「キミは優秀だったけどねェ、子供はイマイチなんか?ちっとも出ないよ」
わが家のスティックブロッコリーは、おん年3歳。
つまり3年生きて4年目の冬を迎えようとしている。
その姿はブロッコリーとは思えぬ風格を備え、5ツに枝分かれしたサマは盆栽の体(てい)を成している。

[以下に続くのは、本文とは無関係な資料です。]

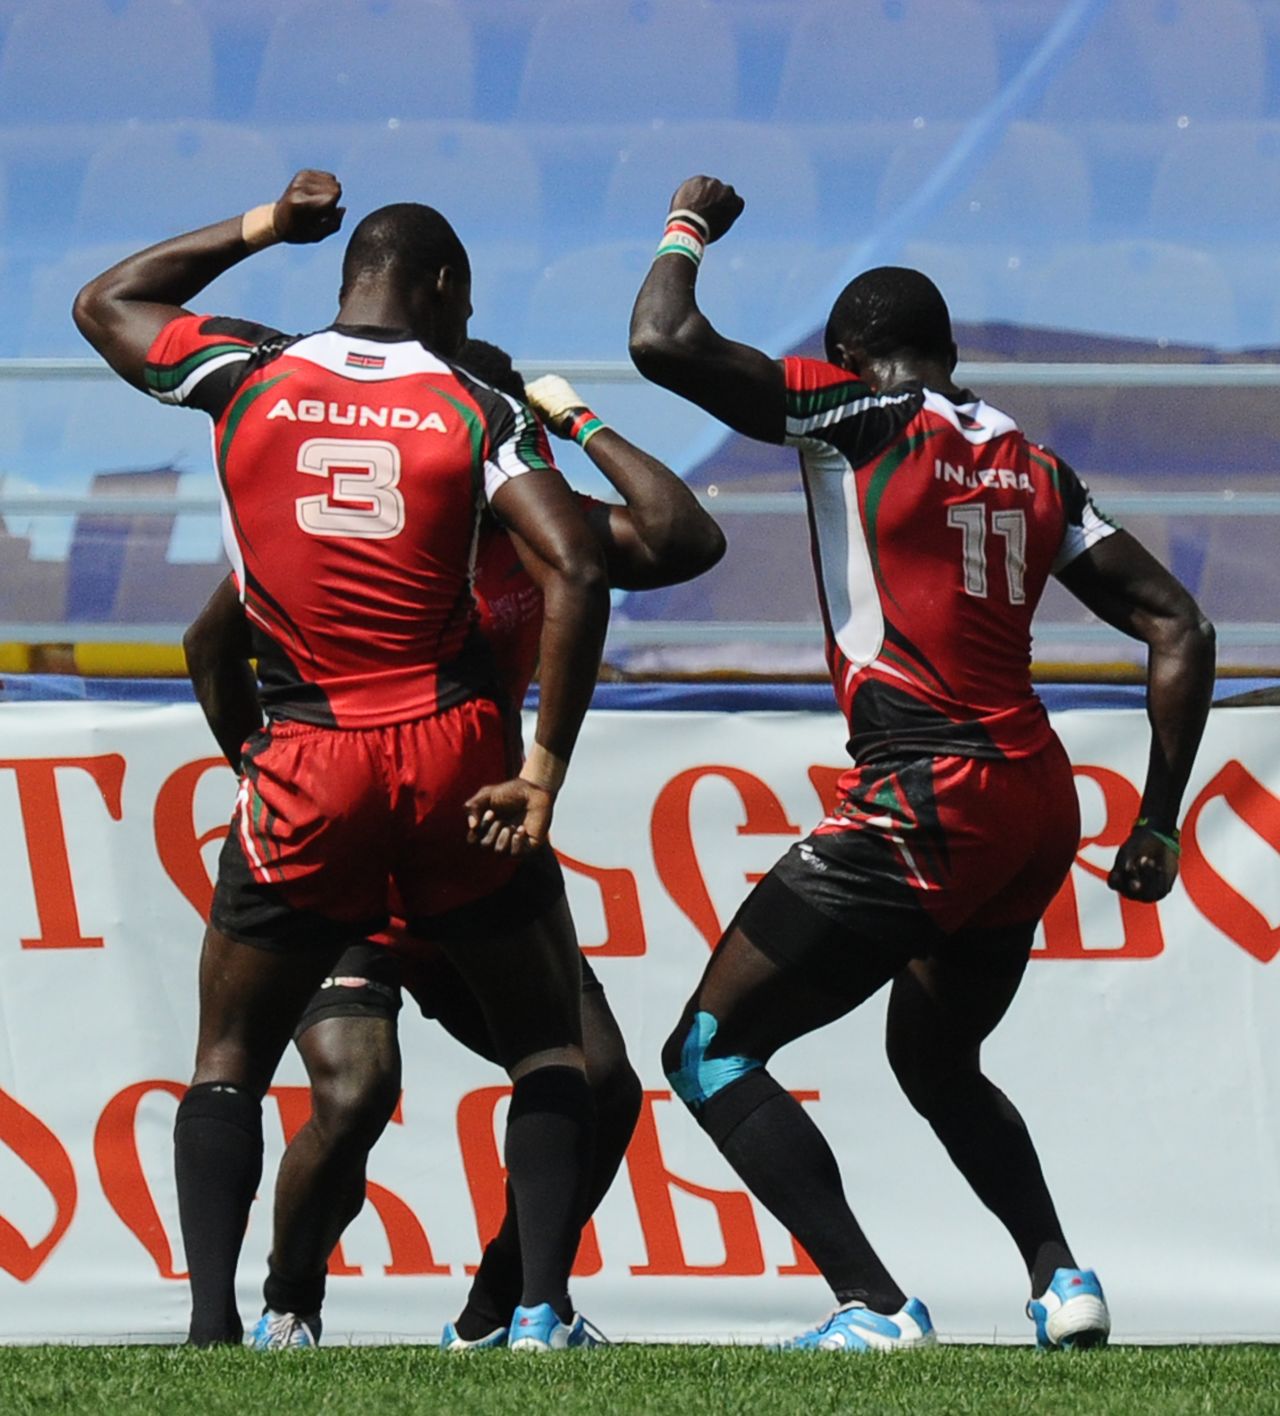 Kenya have become firm favorites on the sevens circuit, partly due to their exuberant post-match dancing celebrations.

1番高い枝の分岐枝が折れたので、元の形にしてセロテープで繋いでおいた。
なんとその枝は復活して、グインと曲がったあとまた天に向いた。
驚くべき生命力である。
もはや木となった野菜に向かって前述の言葉をかけたのが、10日程前だったか。
今日水をやろうとしてふとてっぺんを見て驚いた。
「スティックブロッコリーだ!」
こうなるとただのブロッコリーではない。
敬意を込めて「サー・ブロッコリー」と呼ばねばと思ってしまう。
先端に立つ2ツの花蕾を恭しくハサミで切り取り、食用にすべく台所へ運んだ。
「サー・ブロッコリー」は、と書いてちょっと長ったらしいナ、と考えなおす。
「サブロー」に変えてもよろしいか、とは相談しなかったが、以後そう呼ぶことにした。
「サブロー」は3年の間私たちの食卓を潤してくれた。
昨年末の花蕾を5〜6本採らずに放置し、作るまで待った。
カサカサになったところで鉢の土にしごいて蒔いた。
種は100パーセント近く発芽し、ブロッコリースプラウトを賞味した。
何本か残しておいたら8本が成長し、5本を息子の庭へ、3本を我が家においた。
立派なブロッコリーになっている。
けれどもブロッコリーと呼ぶのは花蕾の部分、我が家のソレは今だ見当たらない。
親の「サブロー」は4シーズン目も健在だというのに。
いや、子は奥手なのかもしれない。
もっと寒くなったら、ひょっとしてスティックならぬ森のごとき蕾をつけるやもしれぬ。